Margaret made an encouraging gesture in the direction of Director Cho. “Say it. You know you want to.”
Cho reached for his beer, smiling at the invitation. “Paradox itself is . . . not entirely paradoxical.”
* * *
The hospital meal service came around. They wheeled the table across my bed, then set out the tray with its plastic cover. I waited until the orderly was out of the room, hid the knife under my pillow, then used the call button to summon them back, before complaining that I didn’t have a knife.
It could have gone several ways at that point, but the orderly only shrugged and returned with a fresh knife.
What are you going to do with that?
It was a voice in my head. I’d heard it before, during my previous immersion, but it was stronger and clearer now—beyond the point of being ignored.
You heard me. I asked a question. You’re taking me over, at least have the decency to answer it.
It was Tatiana. I knew it.
I phrased a reply. I didn’t need to speak it, just voice the statement aloud in my head.
You’re not supposed to be able to speak to me.
And who are you to say what I can and can’t do? This is my body, my life. What are you doing in me?
Trying to help. Trying to sort out a mess. That’s all you have to know.
I sweated. Me or her, or perhaps both of us. Something was happening with the control structures that was not part of the plan. My host was conscious and communicative, and receiving sensory impressions from upstream.
Who are you?
I debated with myself before answering. I had never been very good at lying, and I didn’t think I was going to get any better just because I was lying to a voice inside my own head. Worse, perhaps. So I decided that I would be better sticking to the truth, at least a part of it.
Valentina. I’m . . . a schoolteacher. From an arse-end town called Kogalym. Not a demon, not a witch. But that’s all I can tell you, and that’s already too much.
Are you a hallucination? You don’t sound like a hallucination.
I’m not. But what I am is . . . look, can we eat your dinner?
You need to eat?
No. But you do.
Silence, but only for a few seconds.
Where are you from, Valentina? Where are you right now, besides being in my head?
You wouldn’t believe me.
Maybe I won’t, but you can still answer my question.
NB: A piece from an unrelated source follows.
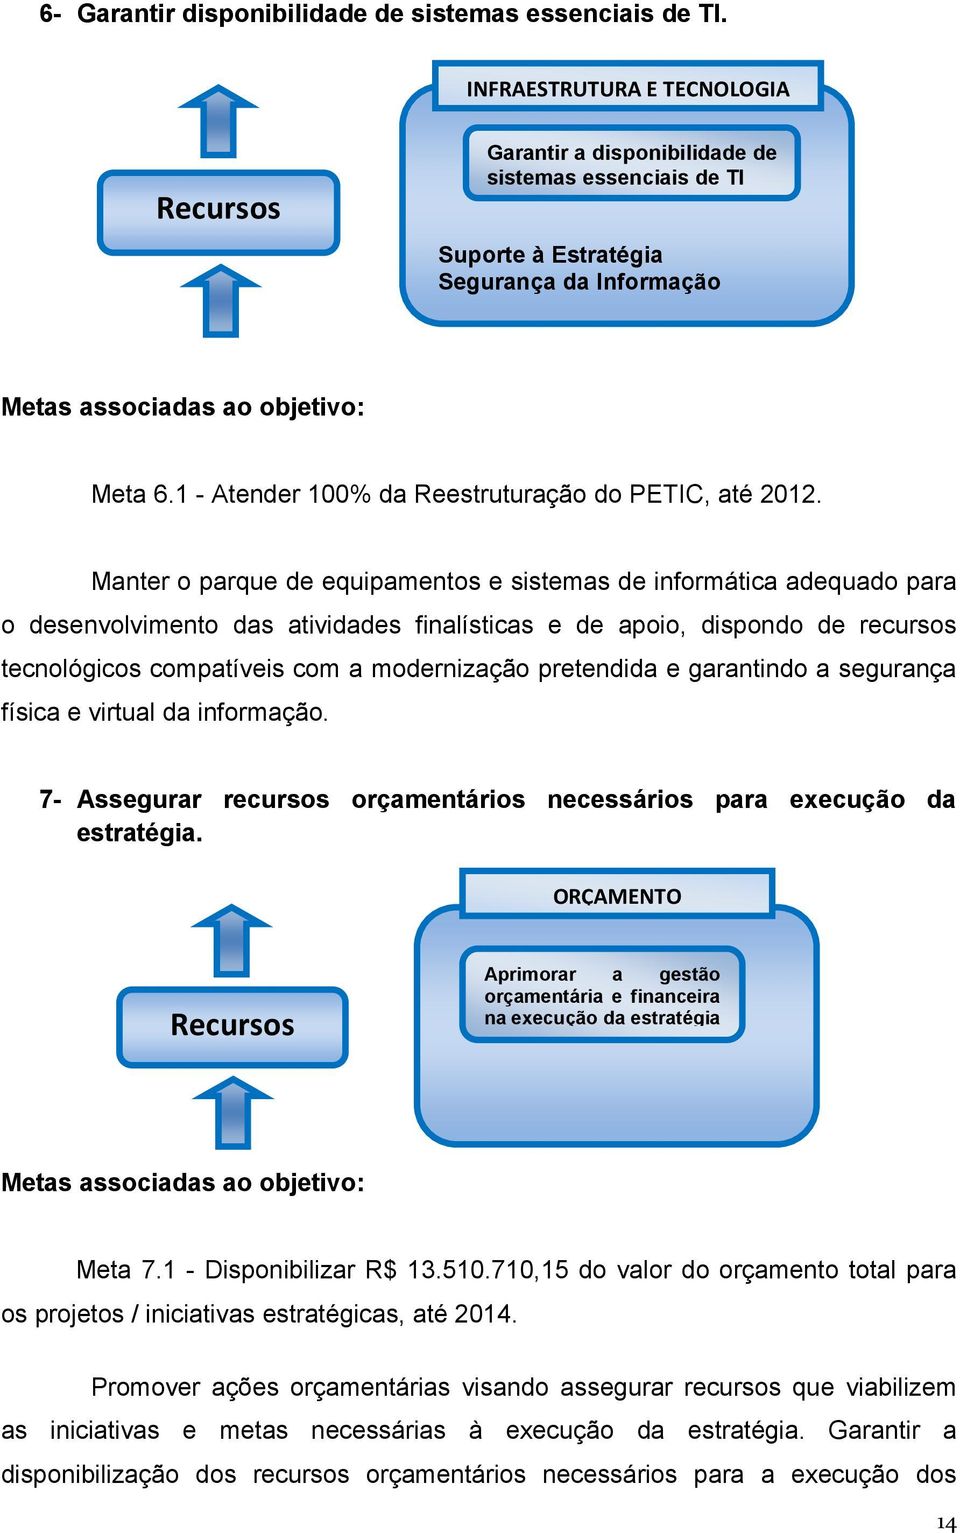 1 - Atender 100% da Reestruturação do PETIC, até 2012.
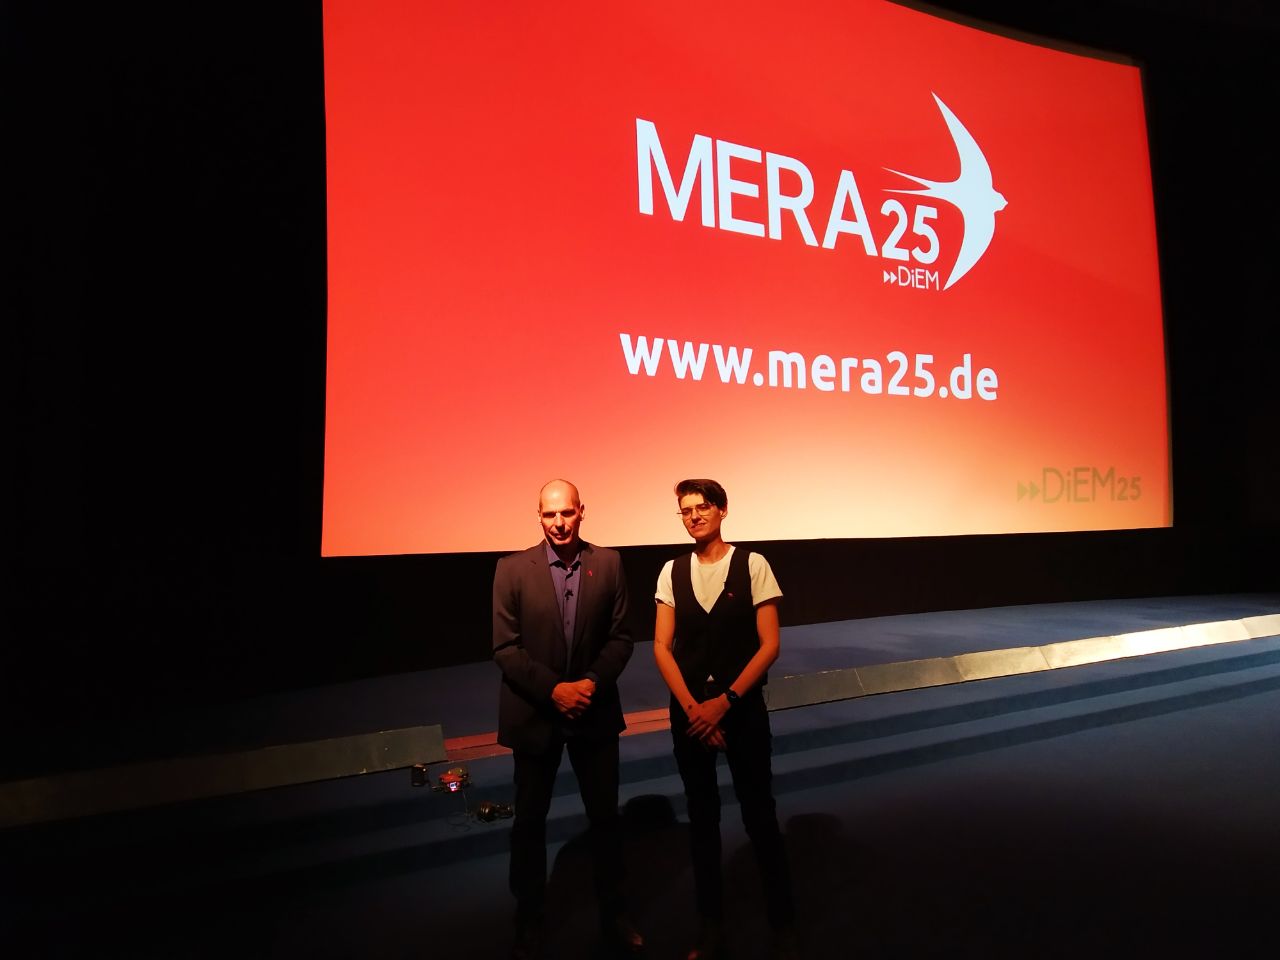 DiEM25 gründet Bundespartei MERA25 in Berlin

All right. I’ll tell you this much. I’m aboard a ship, an icebreaker, in northern Russia. I’m in a chair, with doctors and scientists fussing around me. And I’m coming into you from fifty-two years in the future.
Another silence—longer this time. Nearly enough to make me think she might have gone away for good.
I’d say you were mad, or lying. Then again, there is a voice in my head, and you have been making me do things. So, for the moment, I’m going to accept this stupid thing you’ve just told me, because I’d still rather believe you than accept that I’m the mad one.
You’re not the mad one.
Then how about you start by telling me how this is happening? How are you in me?